- Education: Harvard College, University of Rochester
- Occupation(s): family physician, public health management specialist
- Known for: international health
- Notable work: The End of Epidemics: The Looming Threat to Humanity and How to Stop It

= Jonathan D. Quick =

Family physician and public health management specialist

Jonathan D. Quick is a family physician and public health management specialist that focuses on global health security. He is adjunct professor of global health at Duke University in North Carolina. His book The End of Epidemics: The Looming Threat to Humanity and How to Stop It was published in 2018.

==Career==
Quick has worked in international health since 1978. From 1989 to 1991, he worked as a health service development advisor for the Afghanistan Health Sector Support Project.

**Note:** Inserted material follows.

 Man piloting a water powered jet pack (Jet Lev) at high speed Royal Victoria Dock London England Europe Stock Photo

From 1998 to 2004, he was director of Essential Drugs and Medicines Policy (EDM) for the World Health Organization (WHO) in Geneva. From 2004 to 2017 he was president and chief executive officer at Management Sciences for Health (MSH), transitioning to Senior Fellow in January 2017. He is a former chair of the Global Health Council, and has been a faculty member at Harvard Medical School. He is currently adjunct professor of global health at Duke University in North Carolina.

In his book The End of Epidemics: The Looming Threat to Humanity and How to Stop It, Quick "prescribed measures by which the world could protect itself against devastating disease outbreaks of the likes of the 1918 flu".

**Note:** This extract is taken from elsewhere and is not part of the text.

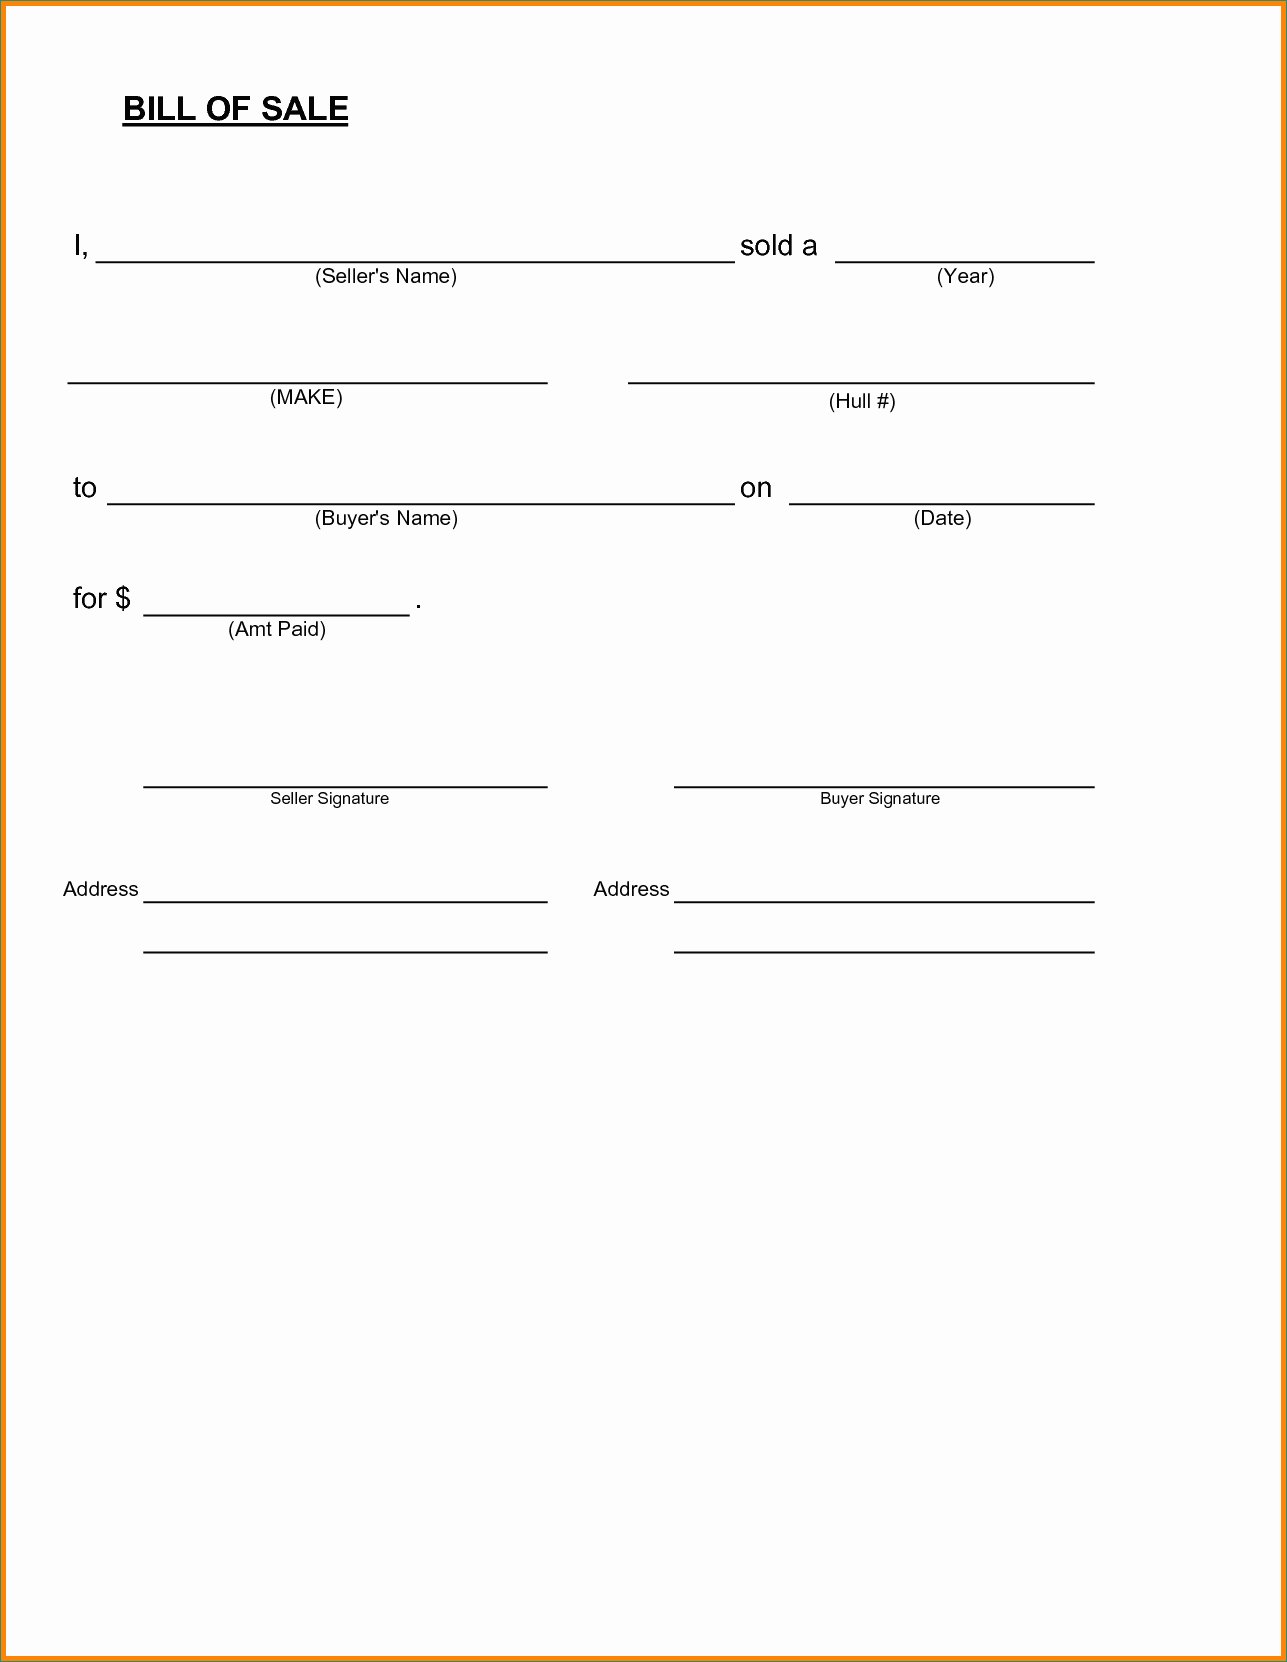 Sample Bill of Sale Form For Boat

He graduated from Harvard College and University of Rochester.

==Publications==
===As sole author===
- Rhinos in the Rough: a Golfer's Guide to Kenya. Nairobi: Kenway, 1993. By Tina L. Quick, Jonathan D. Quick and Robert W. Burdick. ISBN 9966-46-466-2.
- The End of Epidemics: the Looming Threat to Humanity and How to Stop It. New York: St. Martin's, 2018. ISBN 978-1250117779. With Bronwyn Fryer. With a foreword by David L. Heymann.

===As contributor===
- The Financial Times Guide to Executive Health: Building Your Strengths, Managing Your Risks. London: Pearson Education, 2002. ISBN 978-0273654285. Co-author.
- MDS-3: Managing Access to Medicines and Health Technologies. Management Sciences for Health, 2012.